Kelly-Anne Frith, Ronen Fogel, J. P. Dean Goldring, Robert G. E. Krause, Makobetsa Khati, Heinrich Hoppe, Mary E. Cromhout, Meesbah Jiwaji, Janice L. Limson

Abstract

Early detection is crucial for the effective treatment of malaria, particularly in those cases infected with Plasmodium falciparum. There is a need for diagnostic devices with the capacity to distinguish P. falciparum from other strains of malaria. Here, aptamers generated against targeted species-specific epitopes of P. falciparum lactate dehydrogenase (rPfLDH) are described. Two classes of aptamers bearing high binding affinity and specificity for recombinant P. falciparum lactate dehydrogenase (rPfLDH) and P. falciparum-specific lactate dehydrogenase epitopic oligopeptide (LDHp) were separately generated. Structurally-relevant moieties with particular consensus sequences (GGTAG and GGCG) were found in aptamers reported here and previously published, confirming their importance in recognition of the target, while novel moieties particular to this work (ATTAT and poly-A stretches) were identified. Aptamers with diagnostically-supportive functions were synthesized, prime examples of which are the aptamers designated as LDHp 1, LDHp 11 and rLDH 4 and rLDH 15 in work presented herein. Of the sampled aptamers raised against the recombinant protein, rLDH 4 showed the highest binding to the target rPfLDH in the ELONA assay, with both rLDH 4 and rLDH 15 indicating an ability to discriminate between rPfLDH and rPvLDH. LDHp 11 was generated against a peptide selected as a unique P. falciparum LDH peptide.
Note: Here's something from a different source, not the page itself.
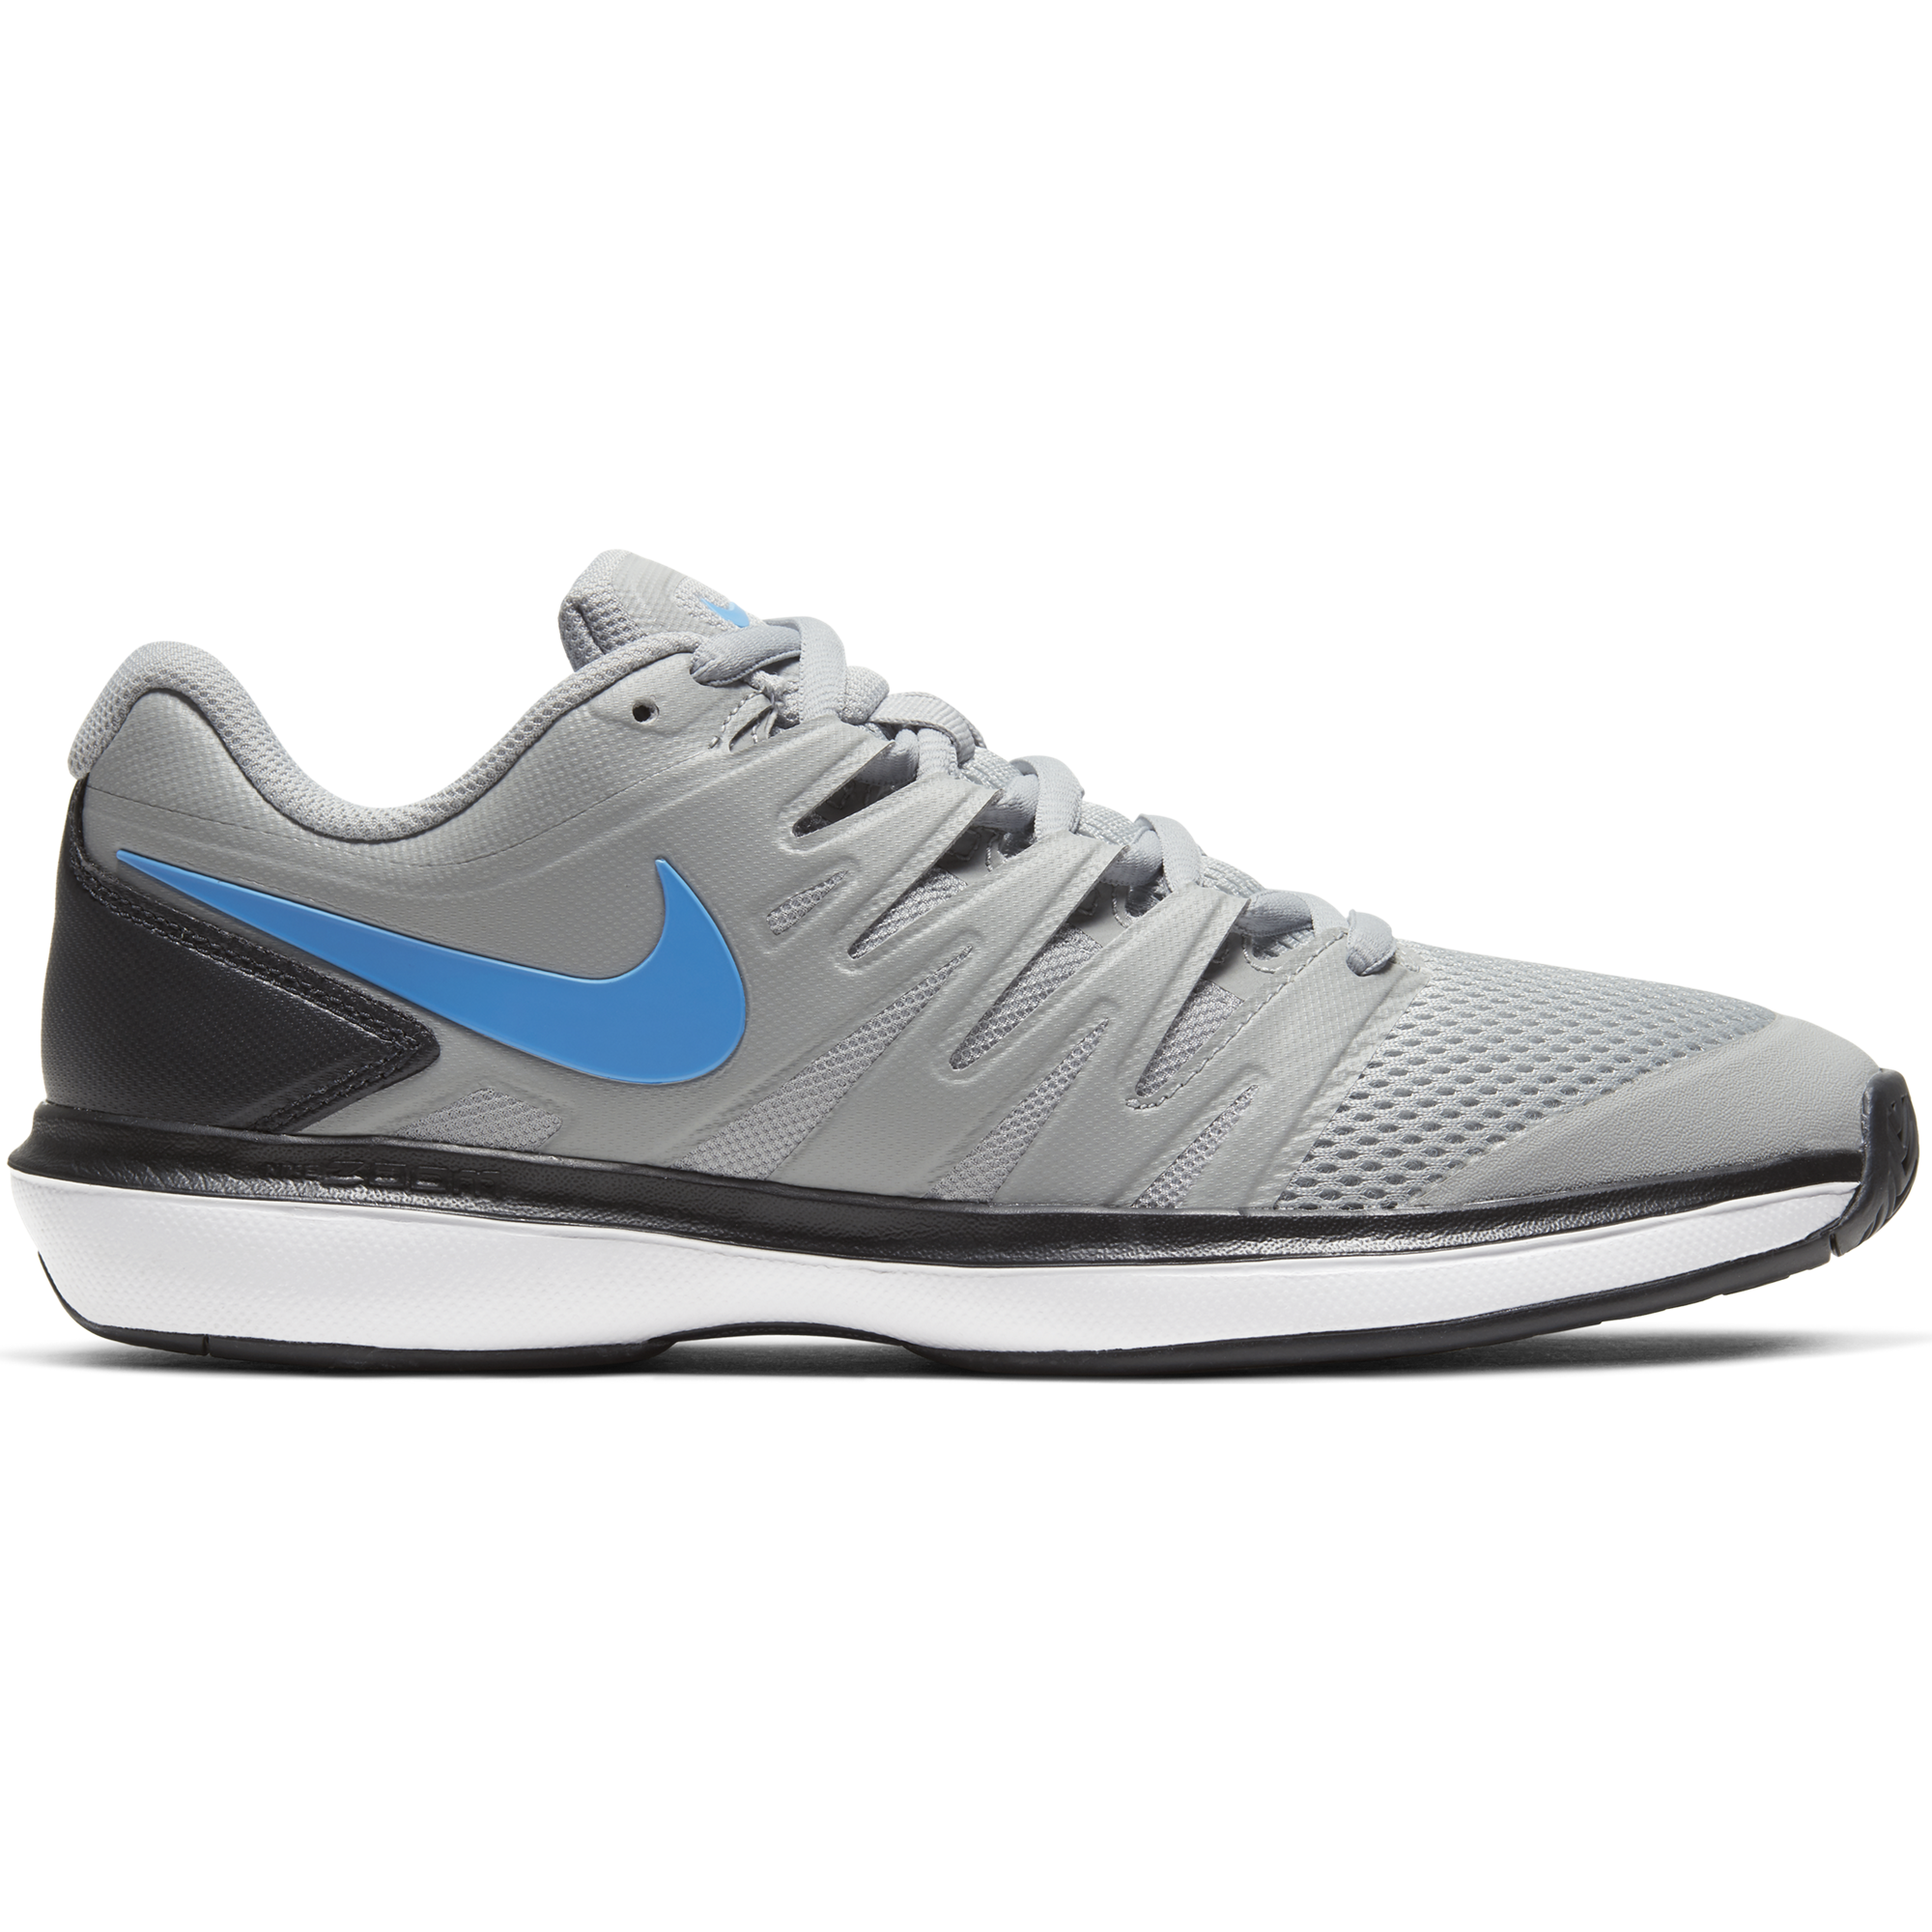 Air Zoom Prestige Men's Tennis Shoe - Grey/Blue

The aptamer, LDHp 11, like antibodies against the same peptide, only detected rPfLDH and discriminated between rPfLDH and rPvLDH. This was supported by affinity binding experiments where only aptamers generated against a unique species-specific epitope showed an ability to preferentially bind to rPfLDH relative to rPvLDH rather than those generated against the whole recombinant protein. In addition, rLDH 4 and LDHp 11 demonstrated in situ binding to P. falciparum cells during confocal microscopy. The utilization and application of LDHp 11, an aptamer generated against a unique species-specific epitope of P. falciparum LDH indicated the ability to discriminate between recombinant P. falciparum and Plasmodium vivax LDH. This aptamer holds promise as a biorecognition element in malaria diagnostic devices for the detection, and differentiation, of P. falciparum and P. vivax malaria infections. This study paves the way to explore aptamer generation against targeted species-specific epitopes of other Plasmodium species.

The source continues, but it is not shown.